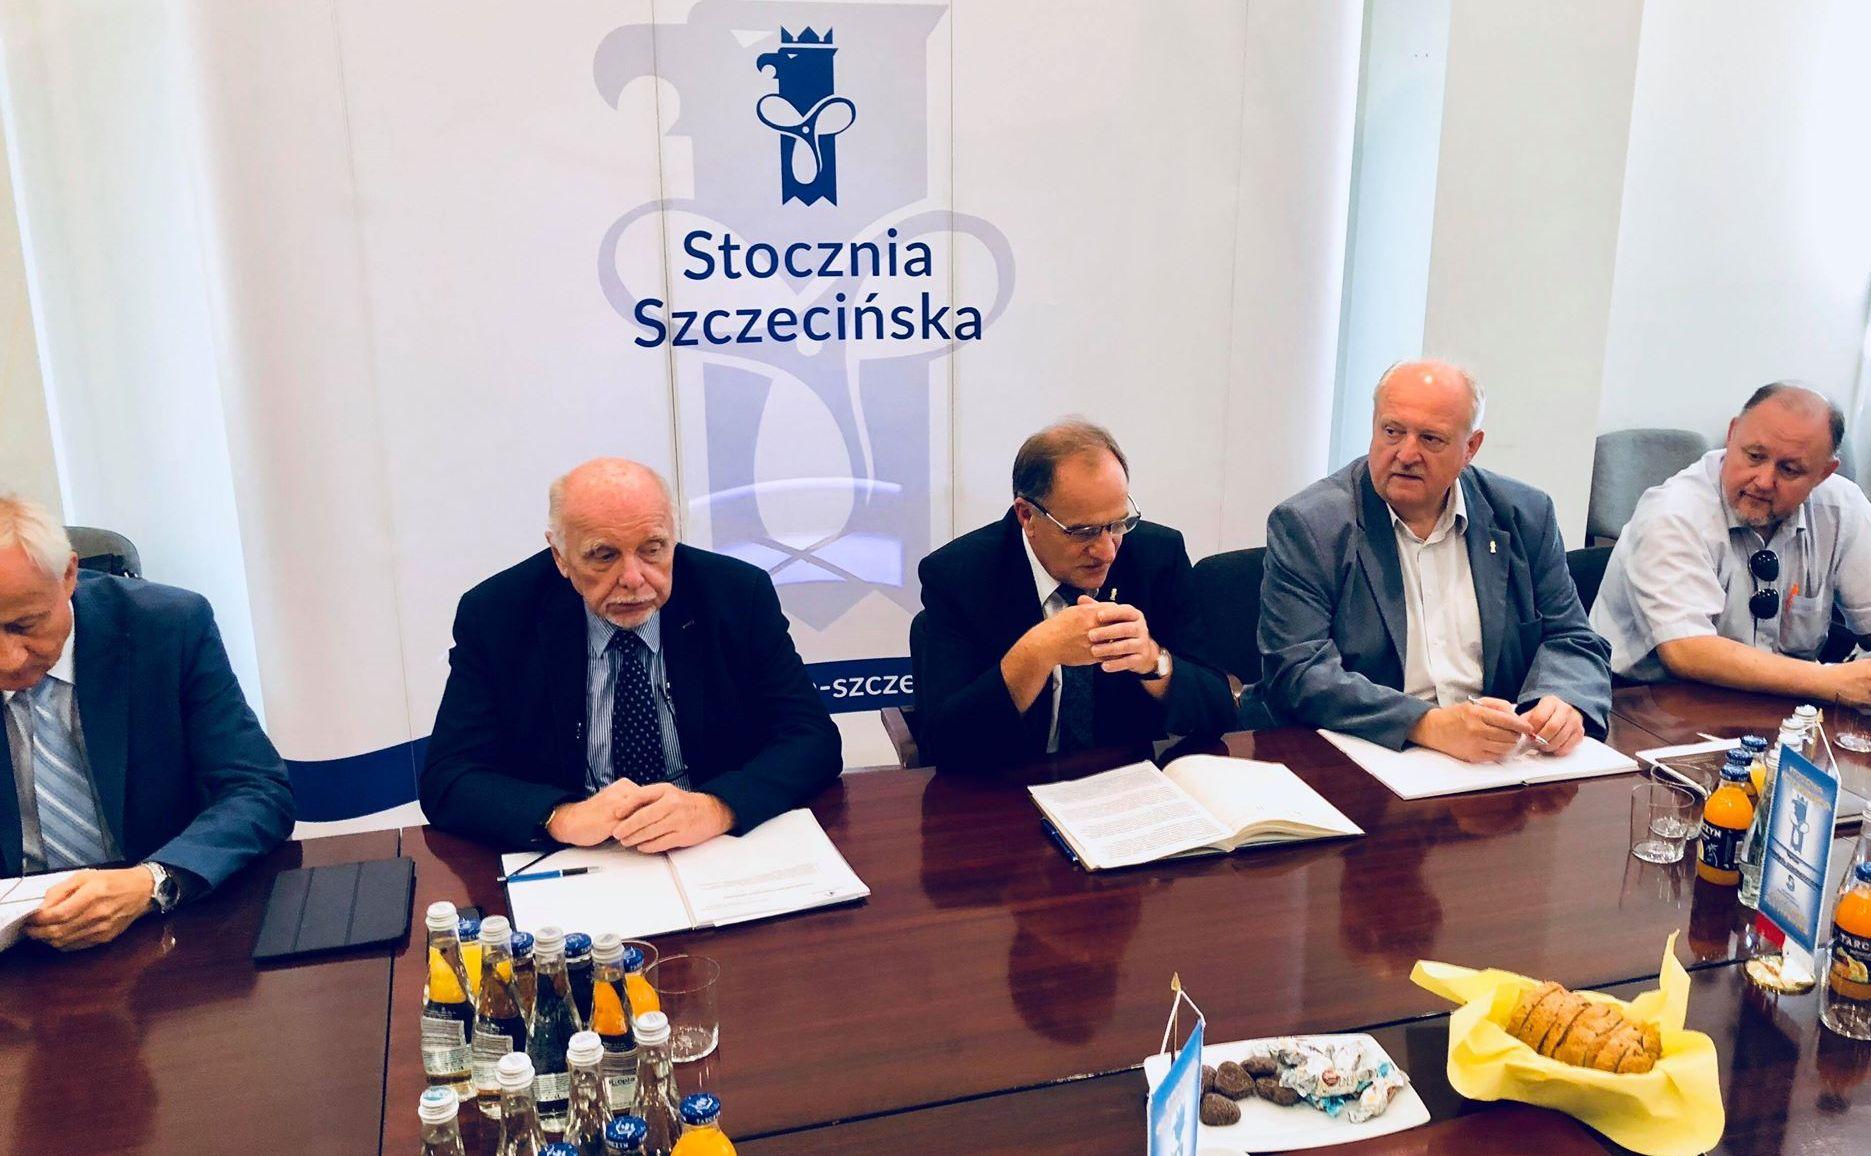 """""""Okrętowcy"""" wspierają  Stocznię Szczecińską i piszą do ministerstwa"""
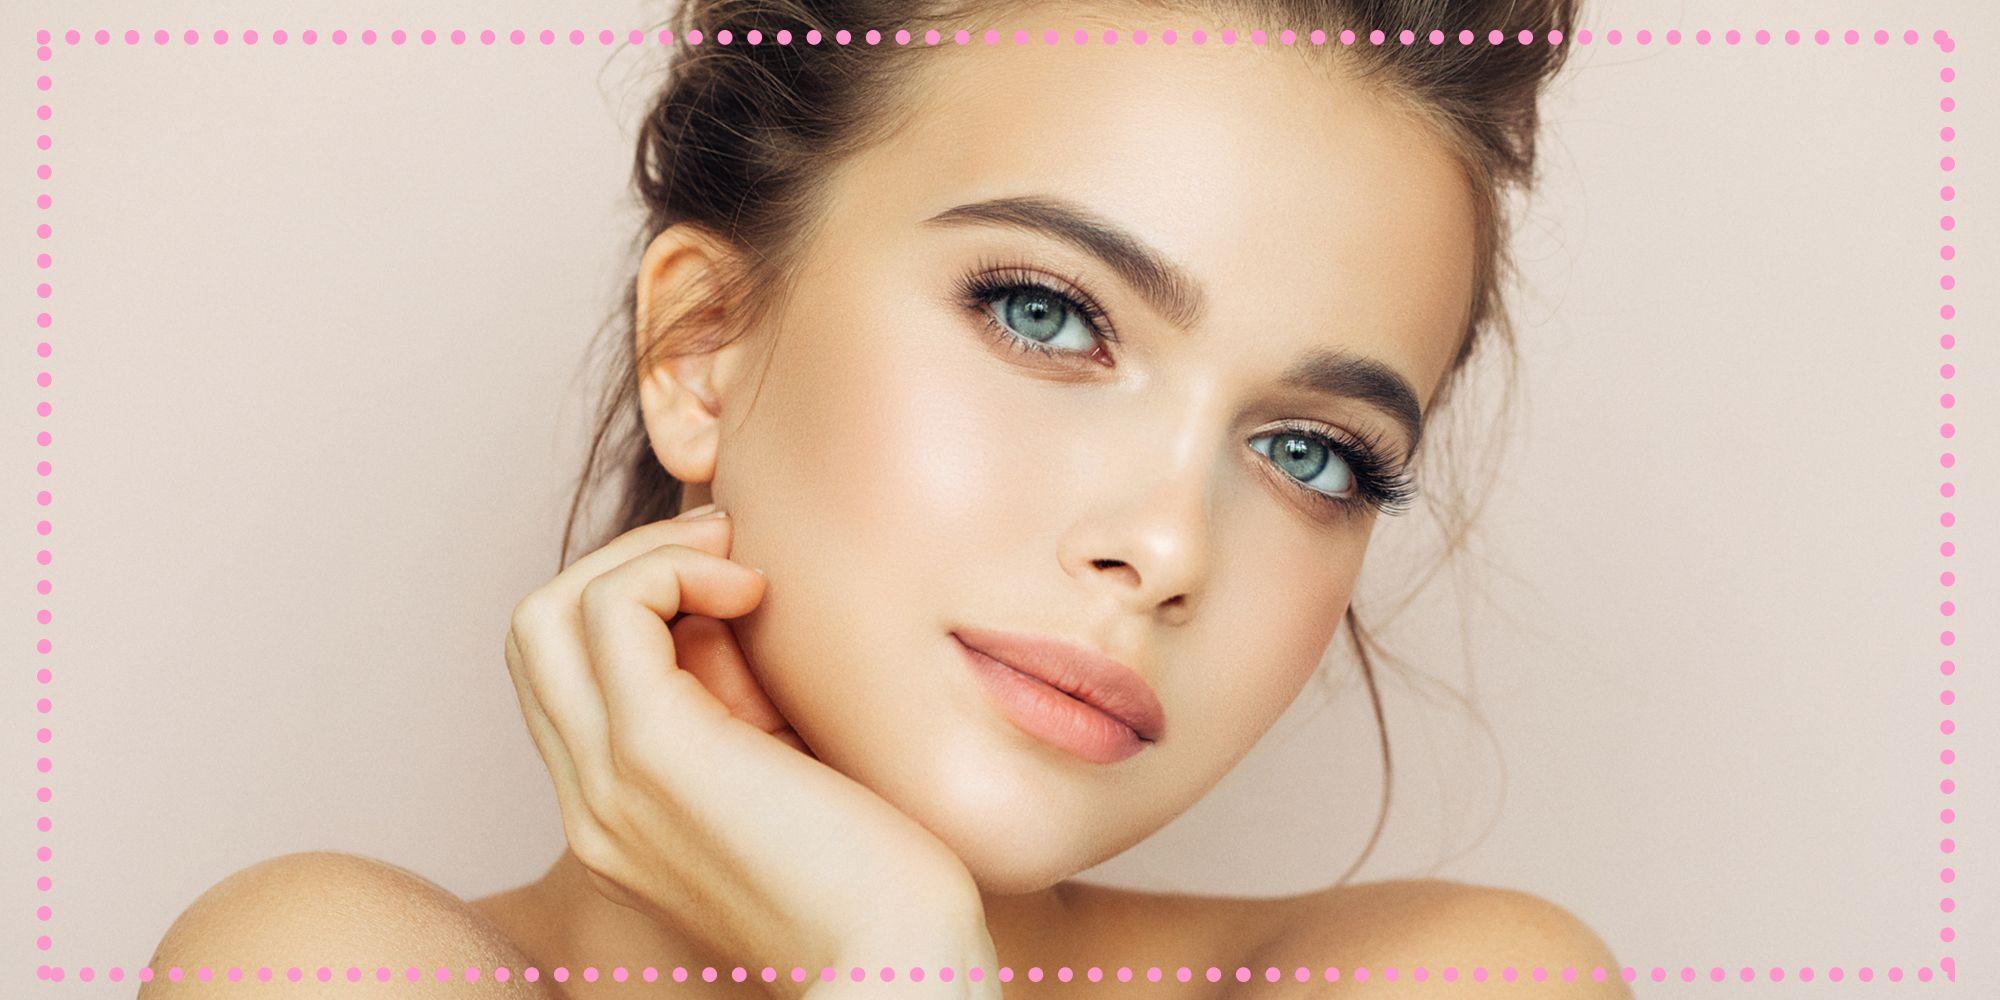 Pelle sensibile ed esfoliazione, tutto quello che devi sapere prima di fare lo scrub al tuo viso delicato
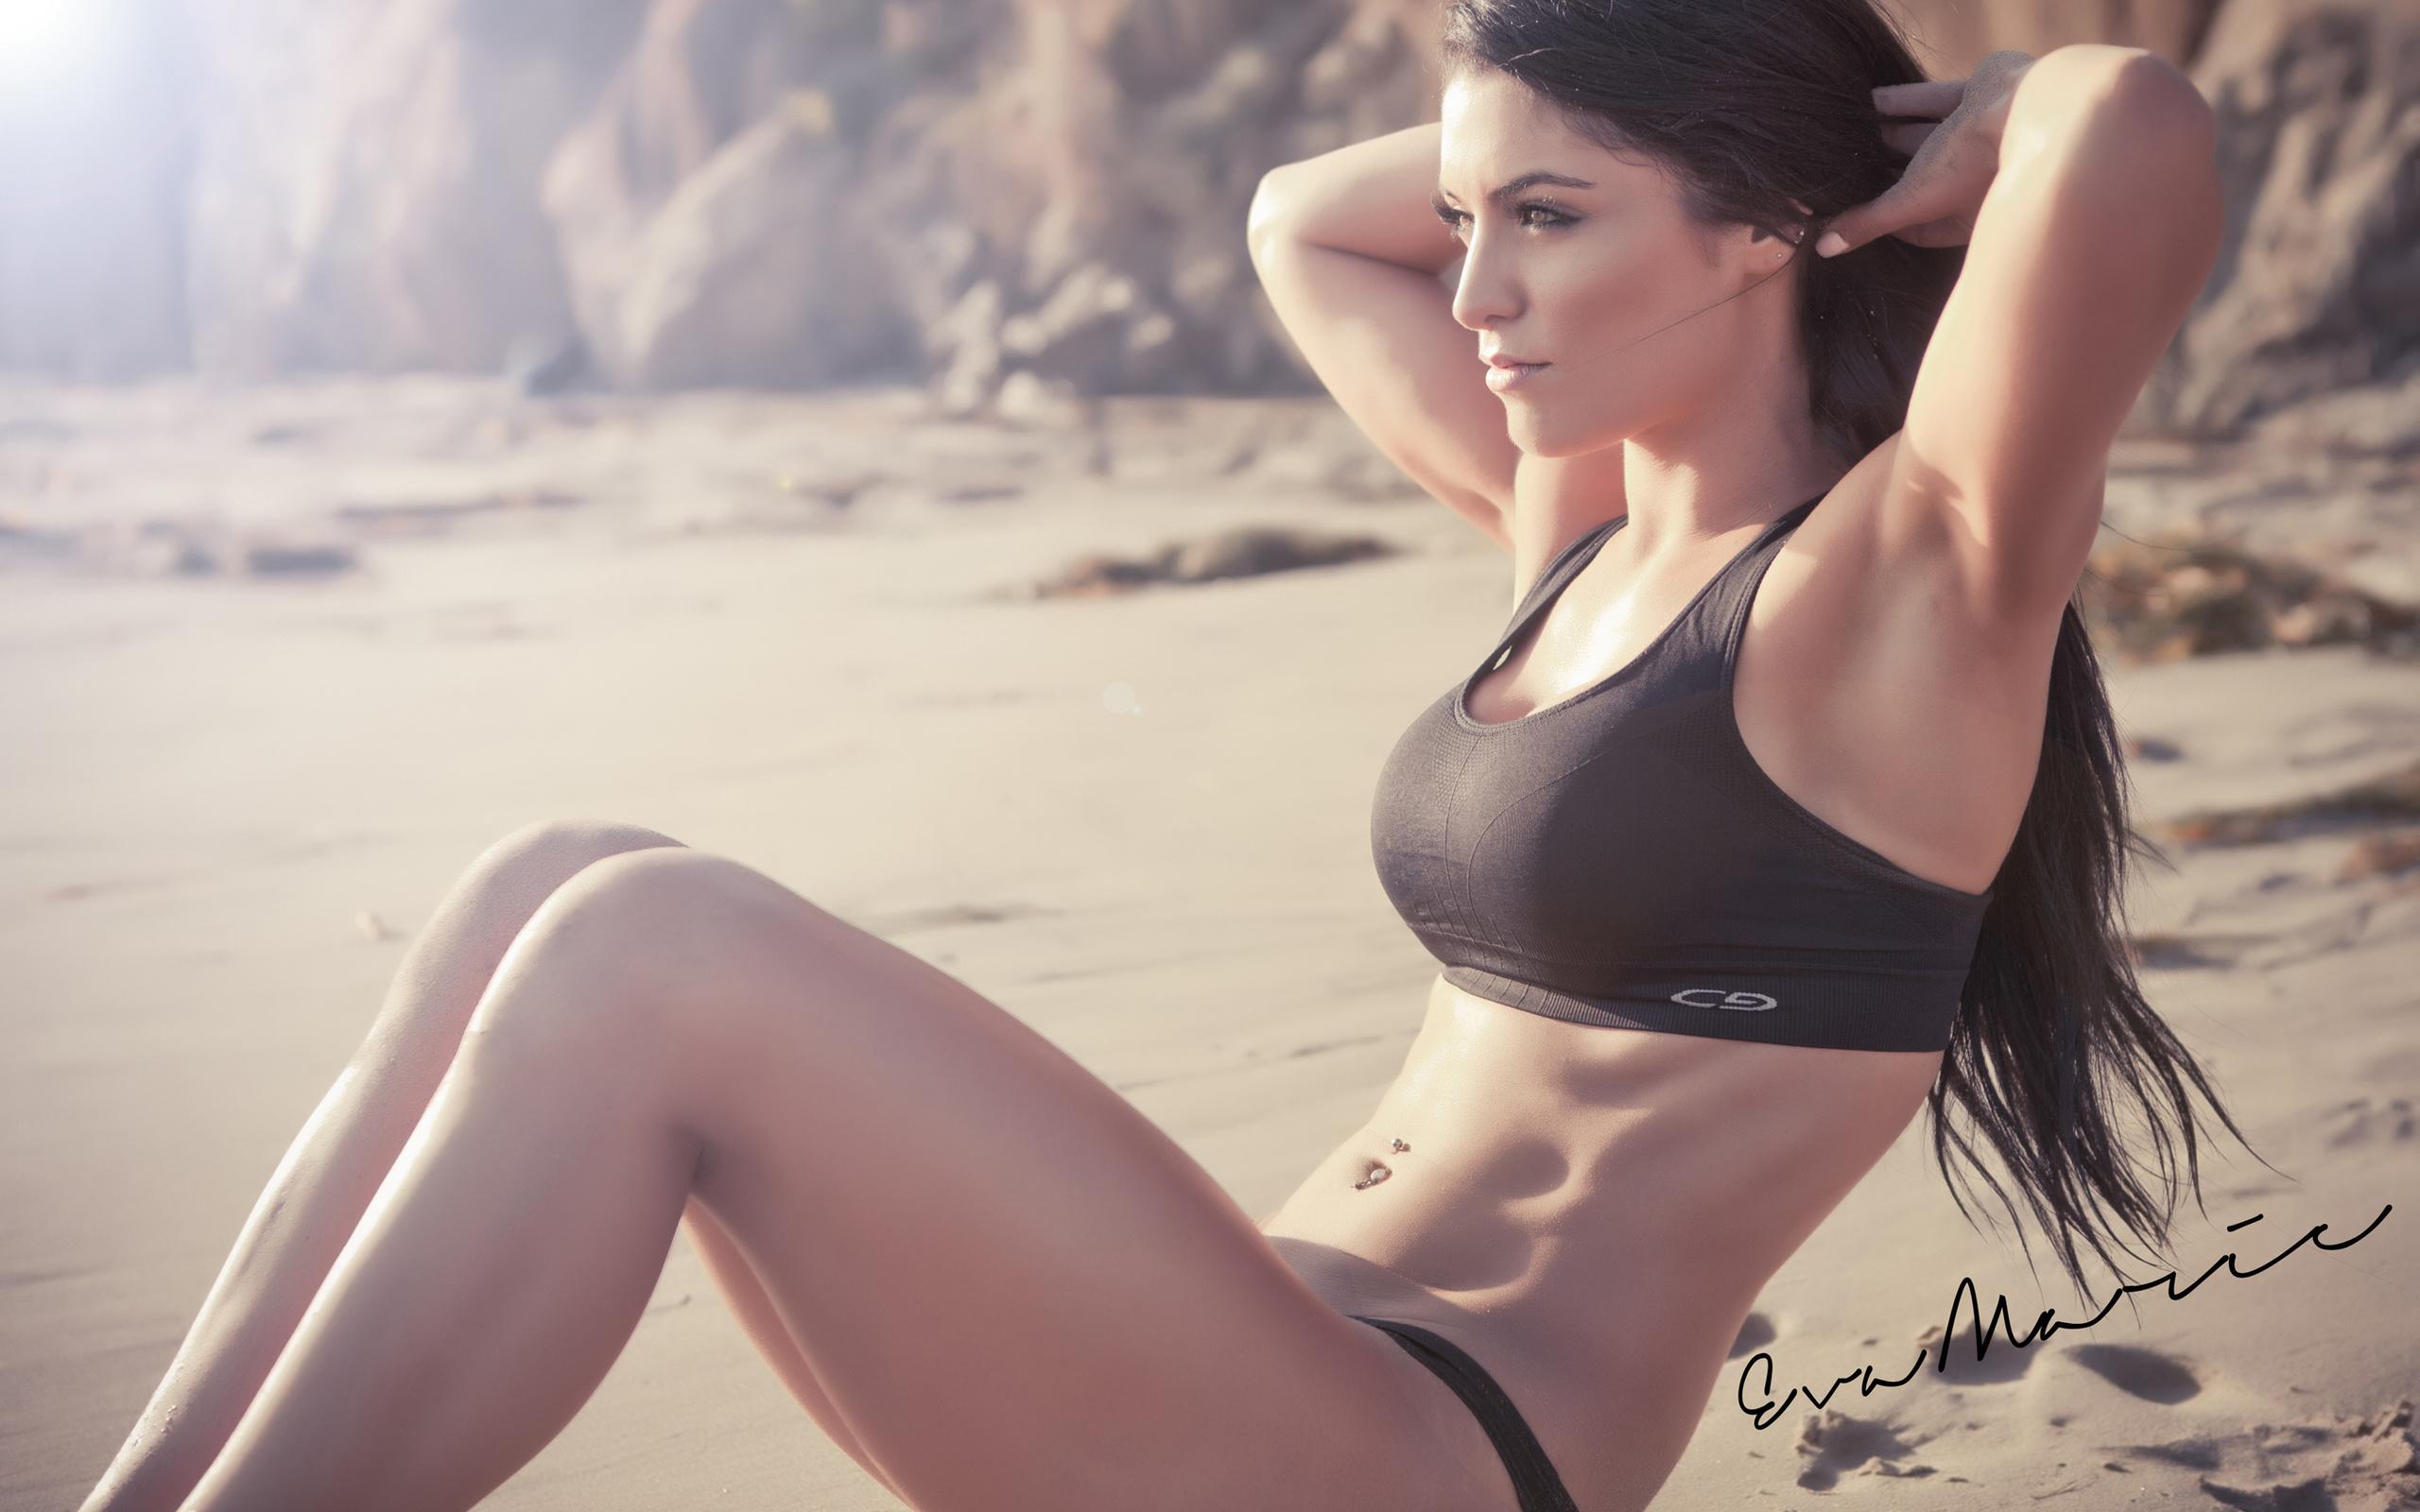 Спортивные девушки на пляже, Сексуальные девушки на пляже Ежедневный мужской 22 фотография
——
▸ Assignment: Output the data above without changes, apart from leaving out the pictures.

▸ Written solution:
 """""""Okrętowcy"""" wspierają  Stocznię Szczecińską i piszą do ministerstwa"""
 Pelle sensibile ed esfoliazione, tutto quello che devi sapere prima di fare lo scrub al tuo viso delicato
 Спортивные девушки на пляже, Сексуальные девушки на пляже Ежедневный мужской 22 фотография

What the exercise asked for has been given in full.